Your objective ▸ Identify all lines of the data containing the string "céramique" and copy them.

Provided data ▸

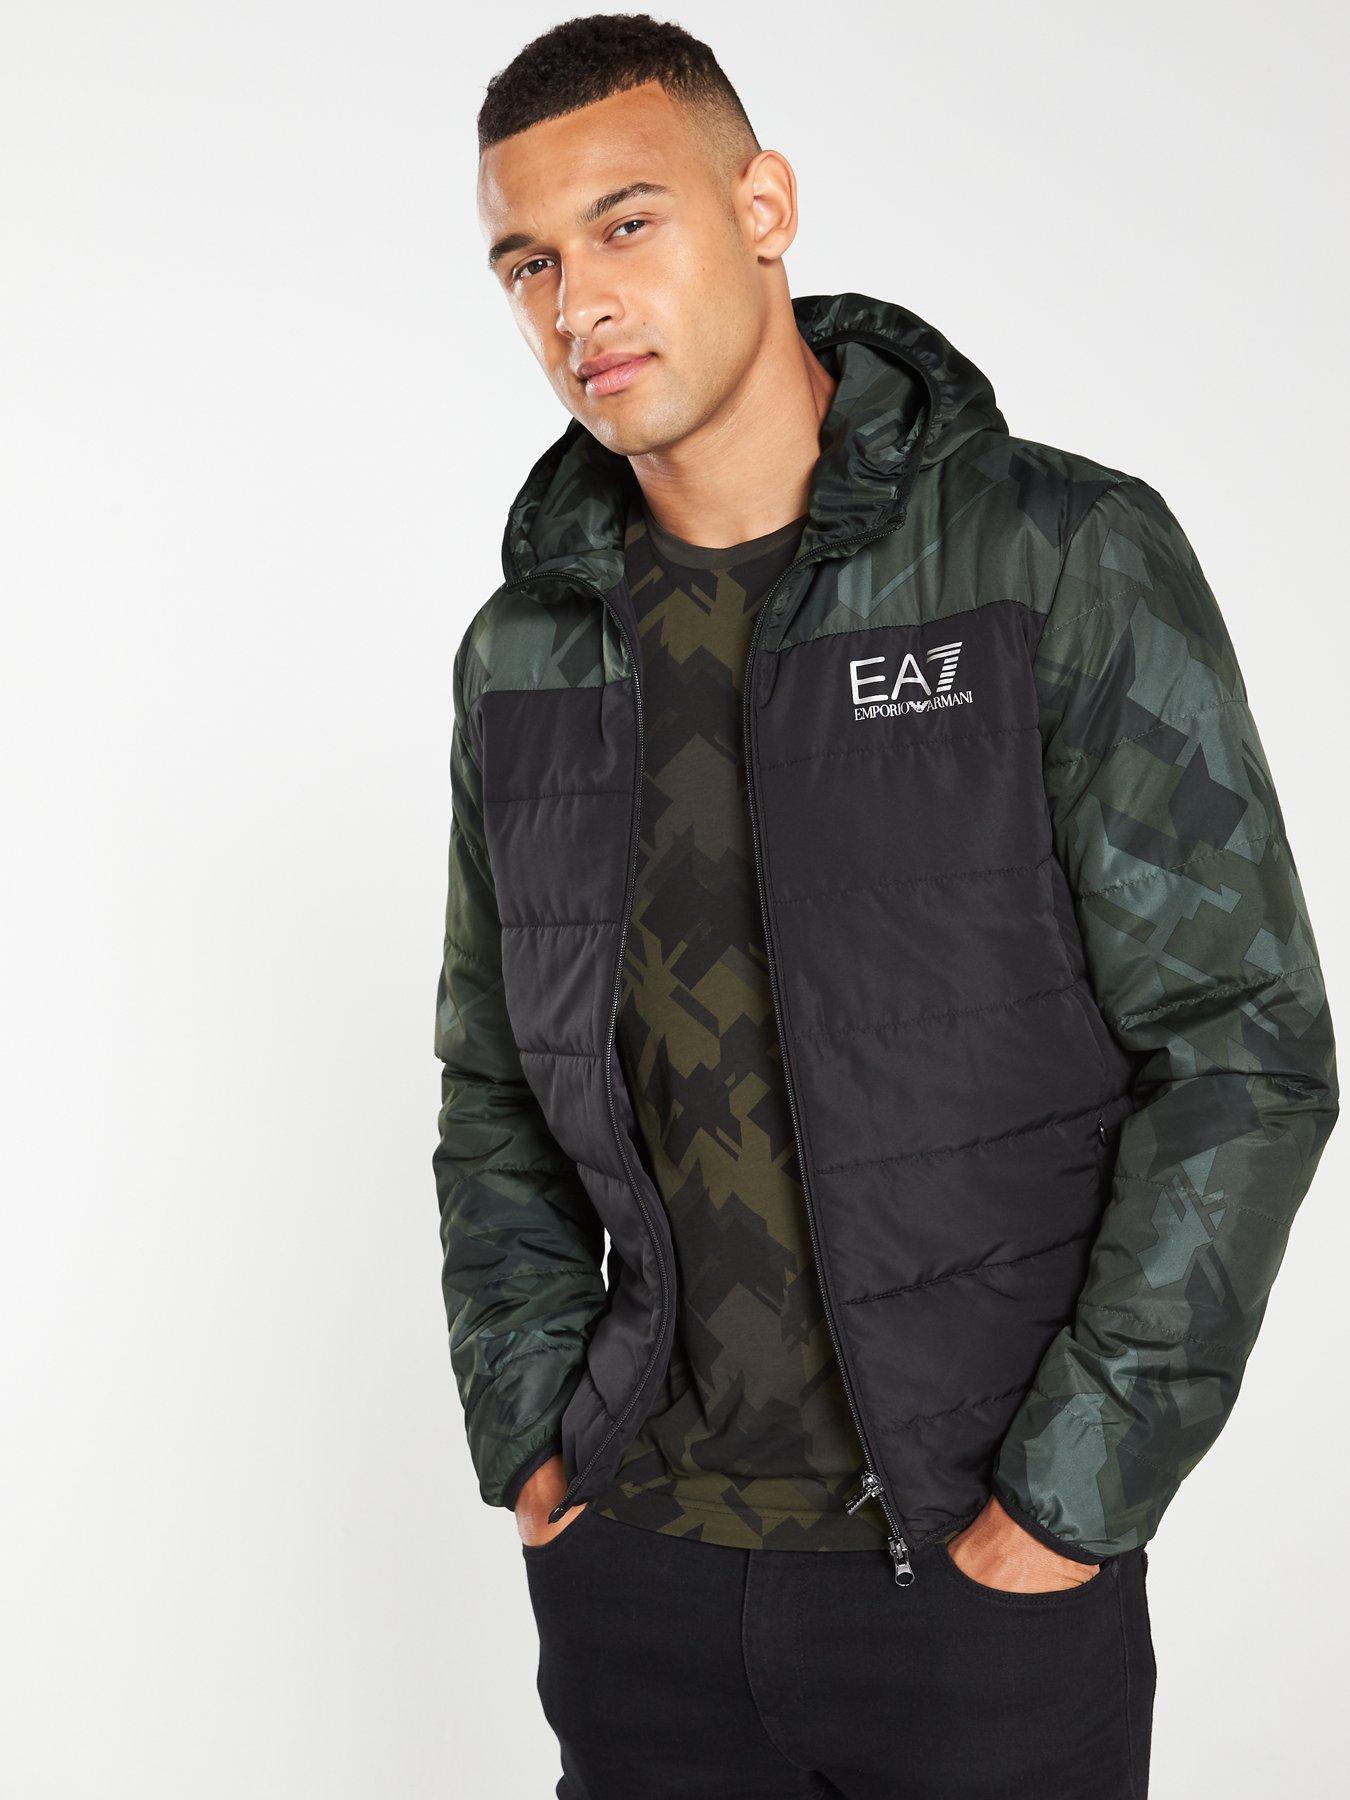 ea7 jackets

--

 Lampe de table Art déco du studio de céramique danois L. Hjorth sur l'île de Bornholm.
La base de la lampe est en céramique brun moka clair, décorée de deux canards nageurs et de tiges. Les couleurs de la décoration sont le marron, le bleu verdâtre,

---

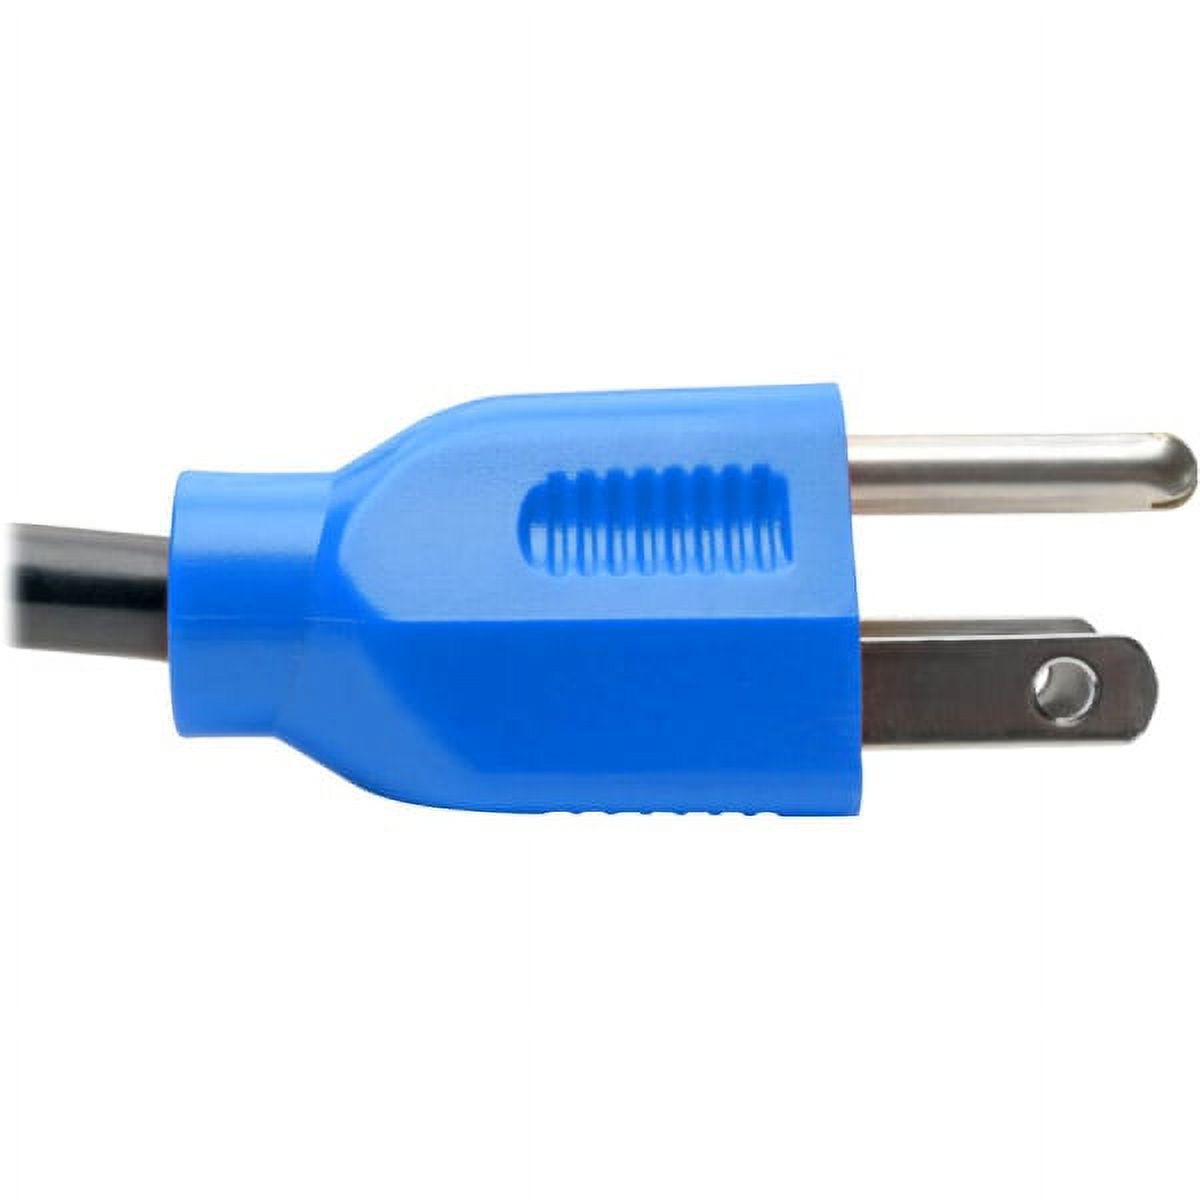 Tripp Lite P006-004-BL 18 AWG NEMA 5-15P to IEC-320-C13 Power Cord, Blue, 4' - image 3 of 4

Task solution ▸
 Lampe de table Art déco du studio de céramique danois L. Hjorth sur l'île de Bornholm.
La base de la lampe est en céramique brun moka clair, décorée de deux canards nageurs et de tiges. Les couleurs de la décoration sont le marron, le bleu verdâtre,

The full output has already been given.